Sample Personal Statement Data Science
Stanford Ph.D. Biomedical Data Science
My primary career objective is to bridge the distance between technical healthcare information
within clinical information systems and the broader public’s understanding, using novel analytics
methods as my tools. I fervently believe that developing user-centered design methods and
computationally advancing health data delivery for patients and clinicians will allow for
streamlined insights, greatly enhancing clinical decision-making, patient outcomes, and health
equity.
Stanford Medicine’s Department of Biomedical Data Science (DBDS) has demonstrated its
commitment to leveraging innovative data-centered techniques to advance the biomedical and
healthcare domains. This renders DBDS the ideal setting for me to pursue an Academic Research
MS in Biomedical Data Science. DBDS’s renowned faculty, emphasis on scientific
communication, and comprehensive curriculum will equip me with the robust foundation
required to revolutionize the dissemination of health data. Following this degree, I hope to
pursue a PhD in Biomedical/Clinical Informatics, with the intention of entering industry to
specialize in the design, development, and implementation of novel informatics tools to
advance patient care.
The pandemic revealed that scientific communication remains a significant barrier to
healthcare equity. I recognize that prioritizing verbal and written communication
alongside technical skills is critical to addressing this challenge. To build a strong
qualitative and quantitative foundation, I chose Swarthmore College to pursue my
undergraduate studies in Computer Science and Economics, with a minor in Biology.
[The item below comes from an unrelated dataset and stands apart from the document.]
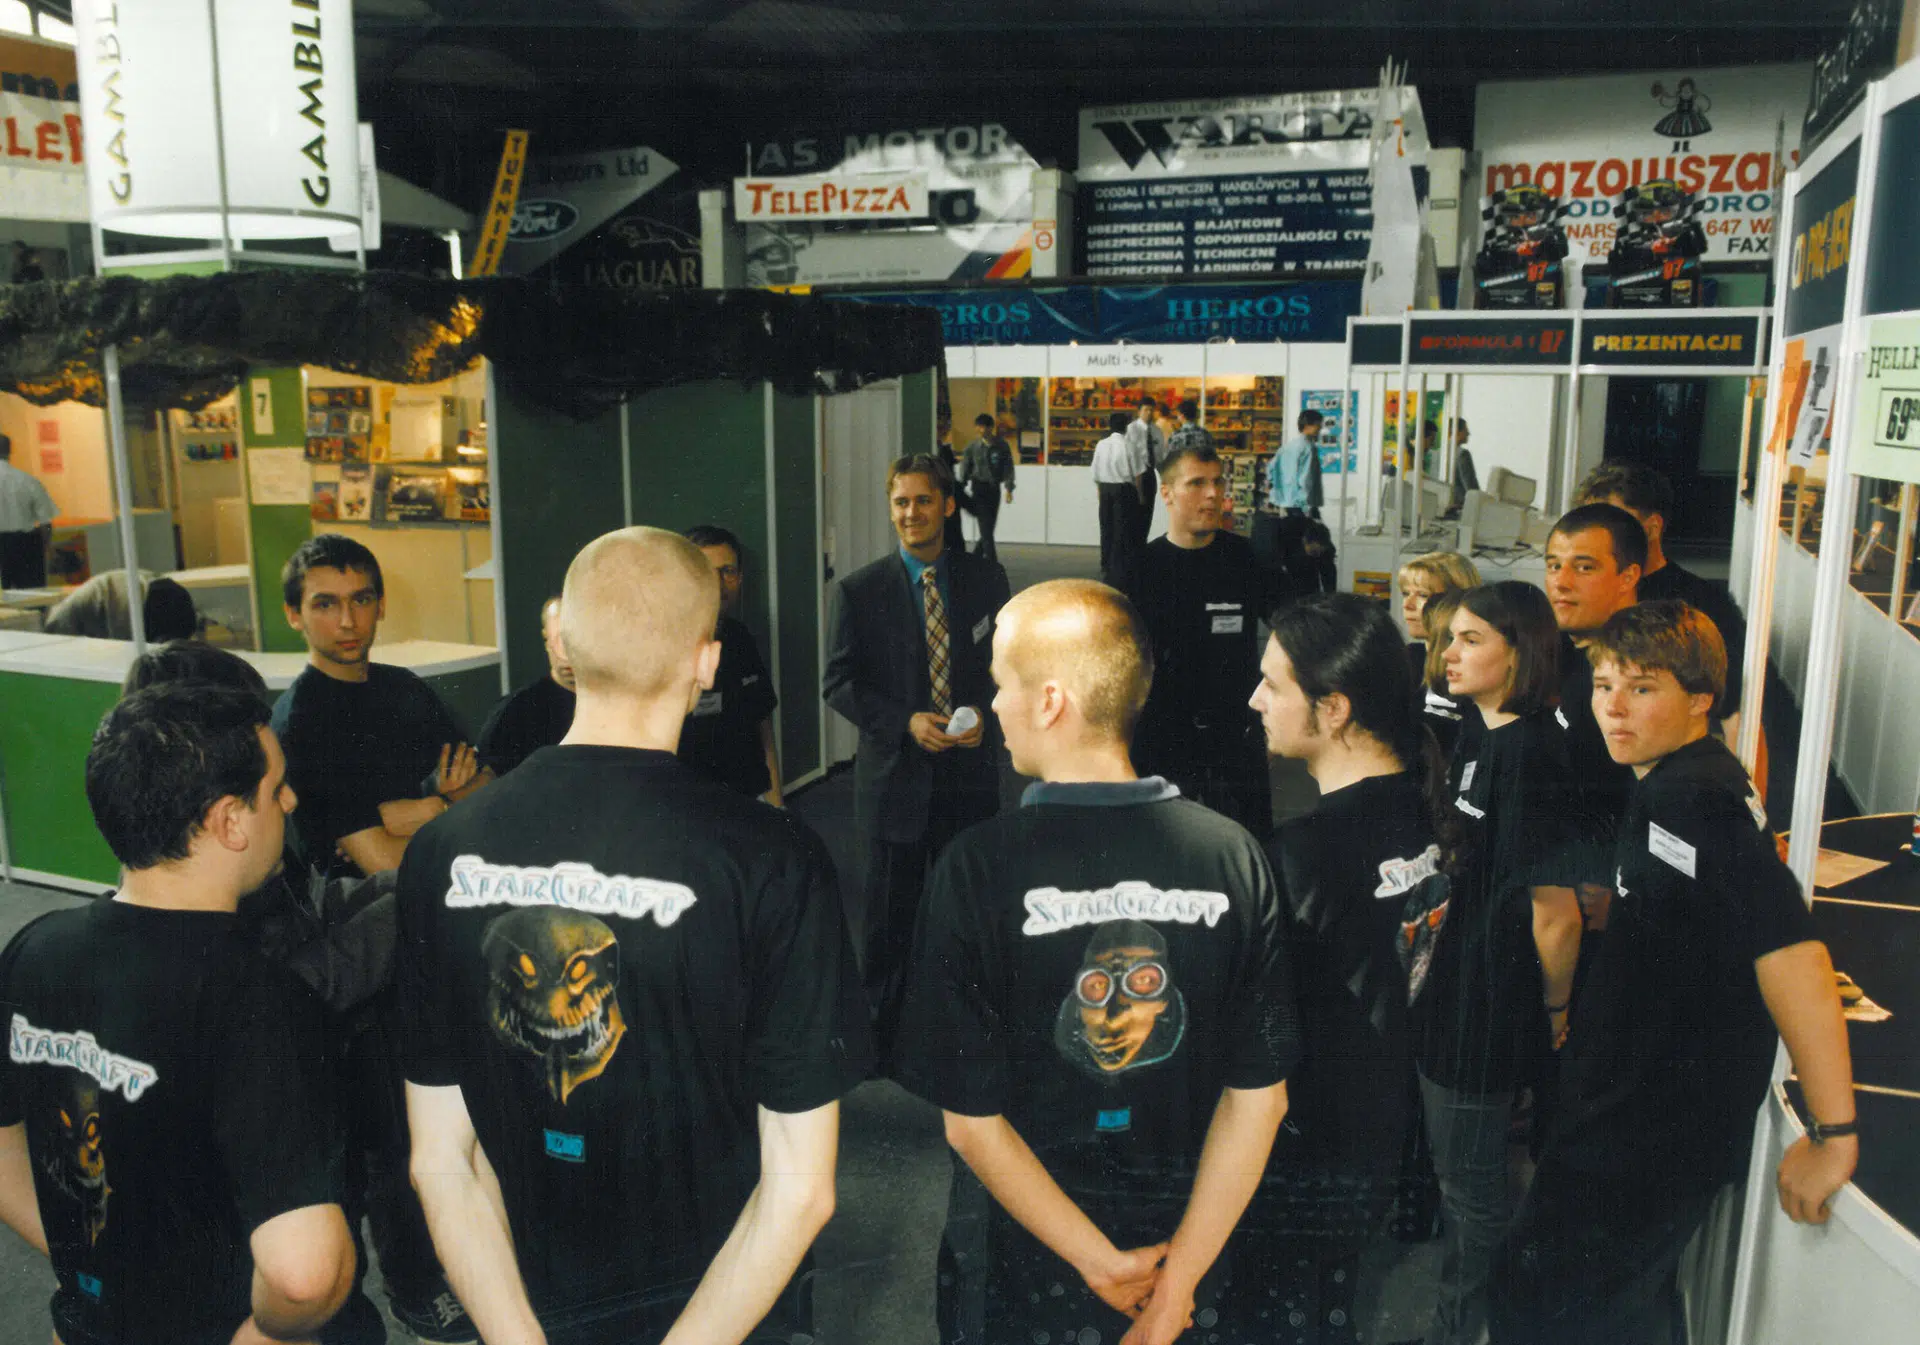 O começo da CD Projekt em 1994
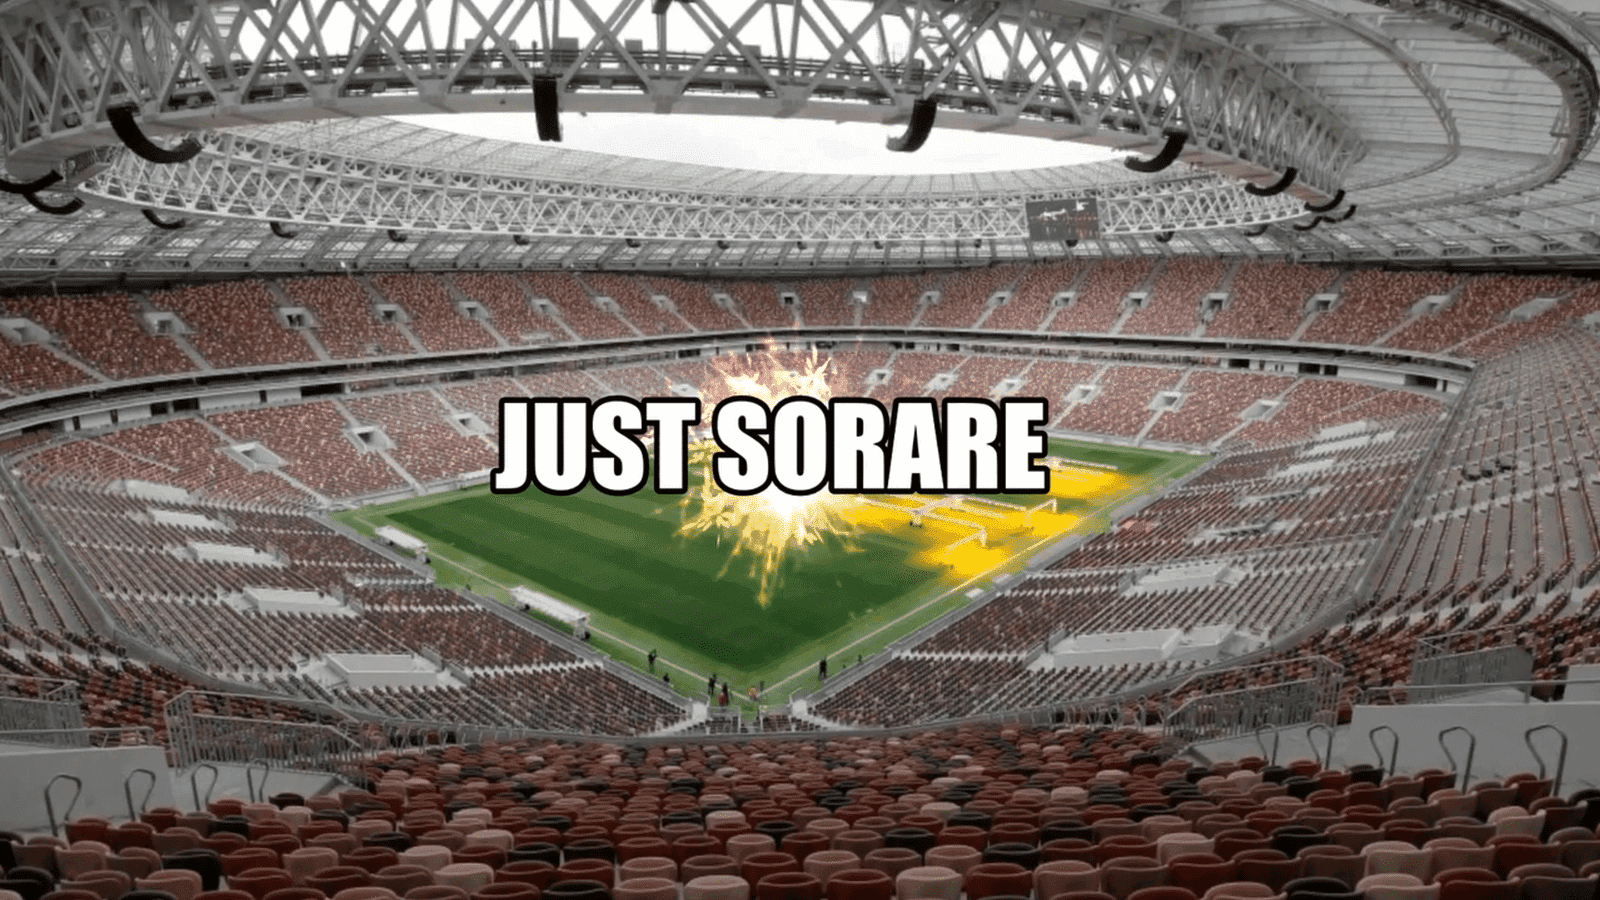 सोरारे एक क्रिप्टो-आधारित फंतासी फुटबॉल गेम है जो यथार्थवादी रूप से मनोरंजक और लाभदायक होने की क्षमता के कारण लोकप्रियता में वृद्धि हुई है।

There, I developed a strong computational foundation, encompassing a deep
comprehension of system operations, effective problem-solving, collaborative
teamwork, and a self-starting mindset, enabling me to acquire the tools necessary to
tackle complex problems. During my first two years at Swarthmore, I engaged in
interdisciplinary projects promoting self-awareness, health, and well-being. These
projects included using Python to employ six machine learning classifiers to predict
personality types of social media users and developing a user interface with HTML,
CSS, Python, JavaScript, SQL, and Flask for exploration of Swarthmore’s gym
equipment and its uses. These projects sparked my interest in academic research and
cultivated my inquisitive nature, inspiring me to seek a formal research mentorship for a
project that closely aligns with my passion for biomedical data science and clinical
informatics.
Following my freshman year, I was awarded an NSF/DOD grant to conduct data
analytics research at the University of Southern California Information Sciences Institute
under Dr. John Heidemann. My primary task was to develop a public web application
displaying shifts to COVID-19 Work- from-Home (https://covid.ant.isi.edu). To complete
this project, I gained proficiency in five computer languages, including Python,
JavaScript, HTML, CSS, and PHP, analyzed raw data in SQL from multiple databases
to identify the optimal strategy for delivering information to users, and ascertained the
relevant information to present. In particular, I chose to generate multi-tab pop- ups
containing interactive line graphs for temporal changes and dynamic tables for Internet
Service Provider information. I later extended and adapted my work for their ANT
Outage World Map (https://outage.ant.isi.edu/). Equally as important, I gained firsthand experience operating within a research team, asking questions, incorporating feedback,
and communicating progress on my project. Furthermore, I learned how to properly
draft a publication as first author, undergo the review process, and present to and
converse with professionals at the 2021 IEEE International Conference on Big Data
(BigData). 1 To strengthen my ability to communicate our process to those beyond the
field, I created and presented a poster at the University of Minnesota’s REU Poster
Symposium. 2 These experiences were my first exposure to the complexities of
effectively distilling complex information into easily understandable insights for those
unfamiliar with the subject.
In an effort to apply data analytics and advanced computational methods to the
healthcare domain, I began working at Harvard Medical School’s Department of
Biomedical Informatics under Dr. Nils Gehlenborg. I was selected to work on a research
team committed to leveraging data science to generate detailed genomics visualizations
to mitigate the challenges biomedical researchers face. Specifically, I applied an edge-
bundling algorithm using TypeScript to the lab’s grammar- based genomics visualization
toolkit known as Gosling (https://gosling.js.org). This edge-bundling algorithm reduced
the visual clutter of the genomics visualizations, elucidating pertinent information to
biomedical researchers and enabling the formation of hypotheses.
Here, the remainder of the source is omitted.